RFM Method - Monetary

# Revenue
# Create Revenue Column
data_clean['Revenue'] = data_clean['UnitPrice'] * data_clean['Quantity']


rfm_revenue = data_clean.groupby('CustomerID').Revenue.sum().reset_index()
rfm_user = pd.merge(rfm_user, rfm_revenue[['CustomerID', 'Revenue']], on='CustomerID')

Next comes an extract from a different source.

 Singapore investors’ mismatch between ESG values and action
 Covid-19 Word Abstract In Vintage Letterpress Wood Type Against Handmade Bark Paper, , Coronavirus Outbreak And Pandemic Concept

# Jenks optimization or natural breaks
breaks = jenkspy.jenks_breaks(rfm_user['Revenue'], nb_class=4)
rfm_user['Revenue_Cluster'] = pd.cut(rfm_user['Revenue'], bins=breaks, labels=['class_1', 'class_2', 'class_3', 'class_4'], include_lowest=True)
rfm_user = order_cluster('Revenue_Cluster','Revenue',rfm_user,False)

# Visualization
data =  rfm_user.Revenue
plt.figure(figsize=(16,5))

plt.subplot(1,2,1)
sns.distplot(data, bins=30)
(mu, sigma) = norm.fit(data)
print( '\n mu = {:.2f} and sigma = {:.2f}\n'.format(mu, sigma))
plt.legend(['Normal dist. ($\mu=$ {:.2f} and $\sigma=$ {:.2f} )'.format(mu, sigma)],loc='best')
plt.ylabel('Frequency')
plt.title('Frequency Distribution (All Users)')

plt.subplot(1,2,2)
sns.boxplot(data)
plt.title('Frequency Boxplot (All Users)')
plt.show()

stats.skew(data)

rfm_user.groupby('Revenue_Cluster')['Revenue'].describe()
 mu = 1827.76 and sigma = 7936.05

count mean std min 25% 50% 75% max
Revenue_Cluster
0 3.0 232830.956667 42177.542186 185919.77 215436.3600 244952.950 256286.5500 267620.15
1 4.0 110415.265000 20565.272334 80676.46 104636.6875 118139.640 123918.2175 124705.32
2 33.0 35337.012727 13585.641527 18769.32 25079.6000 30722.530 49957.4800 60490.10
3 4286.0 1306.718804 1947.475884 -4287.63 287.4475 622.925 1504.5175 17588.26

Caculate RFM Score

import numpy as np
rfm_user['RFM_Score'] = rfm_user['Recency_Cluster']+rfm_user['Frequency_Cluster']+rfm_user['Revenue_Cluster']
rfm_user.groupby('RFM_Score').agg({'Recency': 'mean', 'Frequency': 'mean', 'Revenue': 'mean'})
Recency Frequency Revenue
RFM_Score
4 3.500000 3775.000000 196162.735000
5 66.888889 2231.777778 83110.871111
6 293.765683 44.636531 1030.785775
7 167.531557 76.617111 1546.853844
8 58.872645 126.197438 2195.281365
9 19.113676 64.904212 1264.753480

Customer Segments - Best, Engaged, Not Engaged

# rfm_user['Segment'] = rfm_user['Segment'].astype(str)
rfm_user['Segment'] = 'Not-Engaged'
rfm_user.loc[rfm_user['RFM_Score'] > 6,'Segment'] = 'Engaged' 
rfm_user.loc[rfm_user['RFM_Score'] > 7,'Segment'] = 'Best' 

#creating new cluster dataframe
ltv_cluster = rfm_user.copy()
seg = ltv_cluster.groupby('Segment')['Revenue'].describe().reset_index()
seg = seg.iloc[:,[0,1,2]]
seg.columns = ['Segment', 'Customers', 'Revenue(avg)']
seg['Segments'] = pd.Series(['Best', 'Engaged', 'Not Engaged'])
segments = seg[['Segments', 'Customers', 'Revenue(avg)']]
segments
Segments Customers Revenue(avg)
0 Best 3060.0 1668.286325
1 Engaged 713.0 1546.853844
2 Not Engaged 553.0 3072.349367

Data Visualization

# Exclude CustomerID with Extreme-High Frequency Purchase records / Bot Traffic
rfm_user = rfm_user[rfm_user['Frequency']<2000]
plot = rfm_user.copy()

# Exclude Return Orders 
plot.loc[plot['Revenue'] < 0, 'Revenue'] = 0


# 2D Visualization
sns.set(style="white")
sns.relplot(x="Recency", y="Frequency", hue="Segment", size="Revenue",sizes=(40, 400), alpha=.5, palette="muted",height=6, aspect=2, data=plot)
sns.despine(left=True, bottom=True);

Conclusion:

From the scatter plot above, the size of the dots indicate how much people spend on-line shopping within the platform. In general, we can see most of our customers which belong to best group purchased on-line within 150 days with frequency lower than 1000 times. Not-engaged customers only had purchase record more than 250 days.